The Gothic winged altar dates from around 1492. Linhart Könbergk from the neighbouring Paul's quarter created the carved altar for St Paul's Church opposite. After the Reformation, it was moved to the Predigerkirche. The central shrine shows a Lamentation of Christ, which was fitted in place of a Coronation of Mary in post-Reformation times, surrounded by the apostles Peter and Paul. The wings show scenes of the birth of Christ, adoration by the Magi from the Orient, the Resurrection of Christ and the outpouring of the Holy Spirit.
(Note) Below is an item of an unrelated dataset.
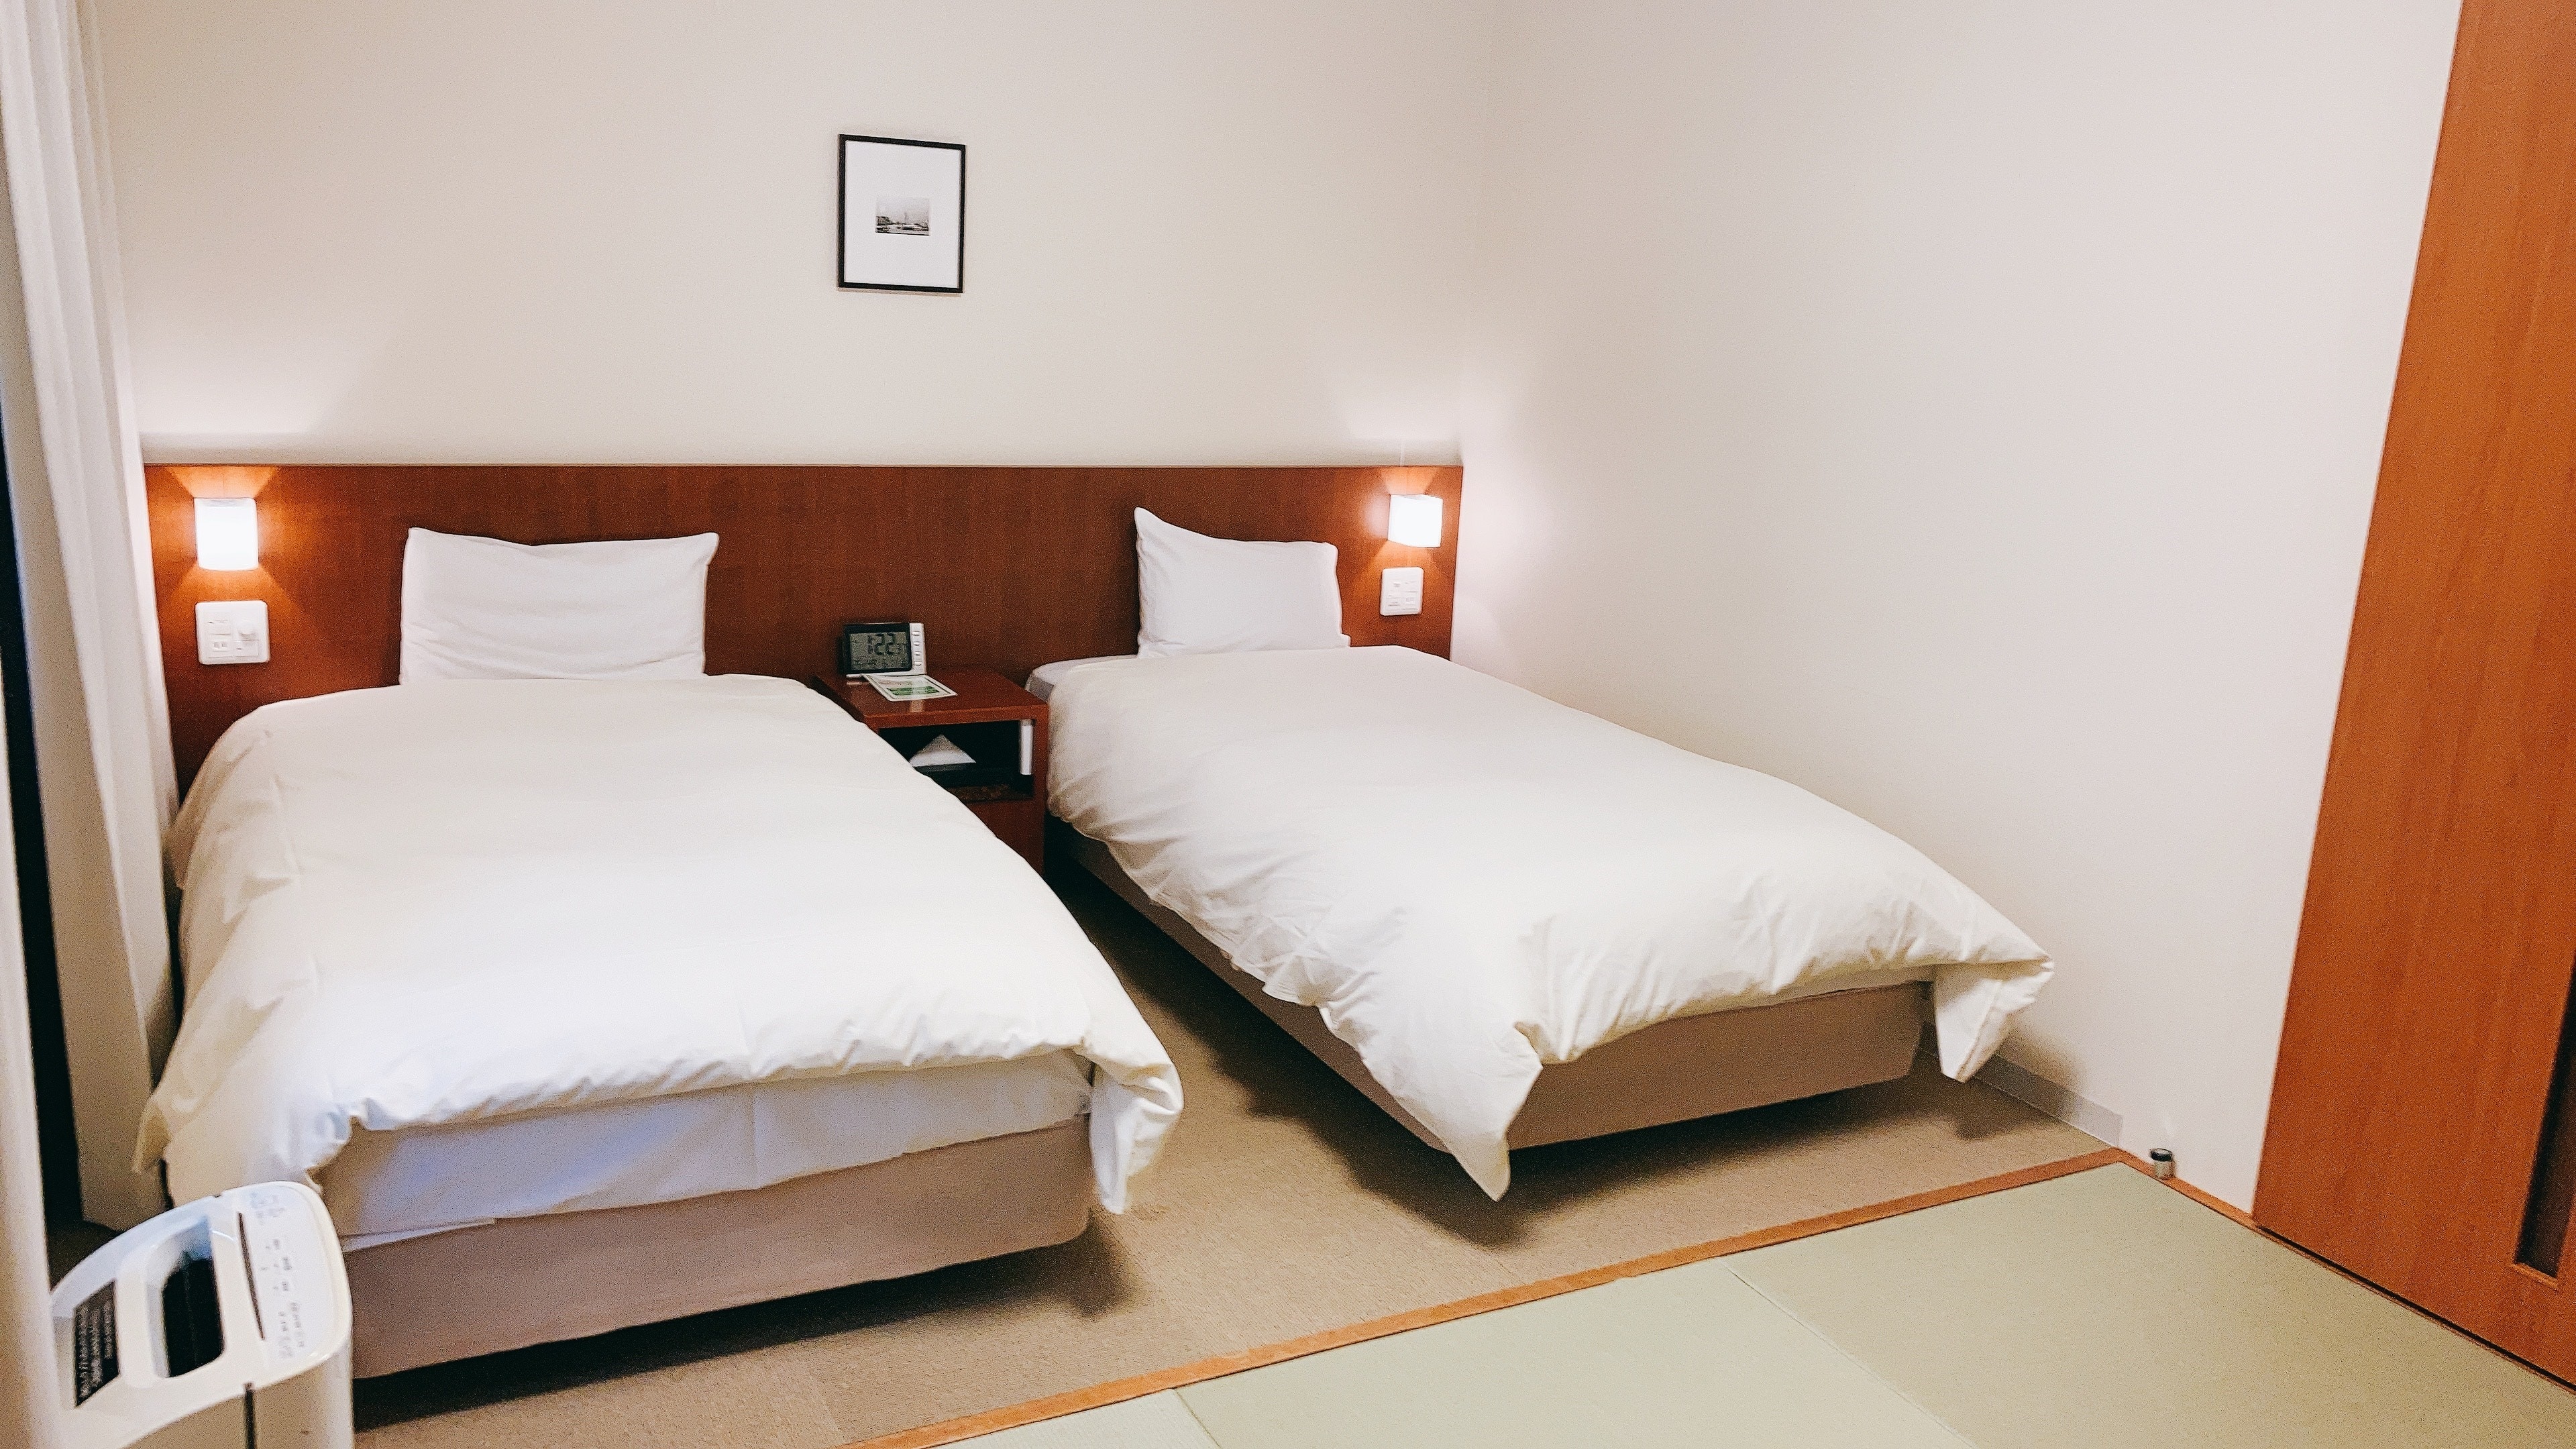 Japanese-Western style room 25.5 square meters for up to 4 people (2 beds, 2 futons), shower booth

The Sunday side shows in eight pictures the Last Supper, the Garden of Gethsemane, the Scourging, Mocking, Descent from the Cross, Entombment and Ascension of Christ, and the Assumption of Mary. On the weekday side of the five-part folding altar, there are pictures of the apostles Peter and Paul. A signature of the Erfurt carving master was found on the central shrine during restoration work.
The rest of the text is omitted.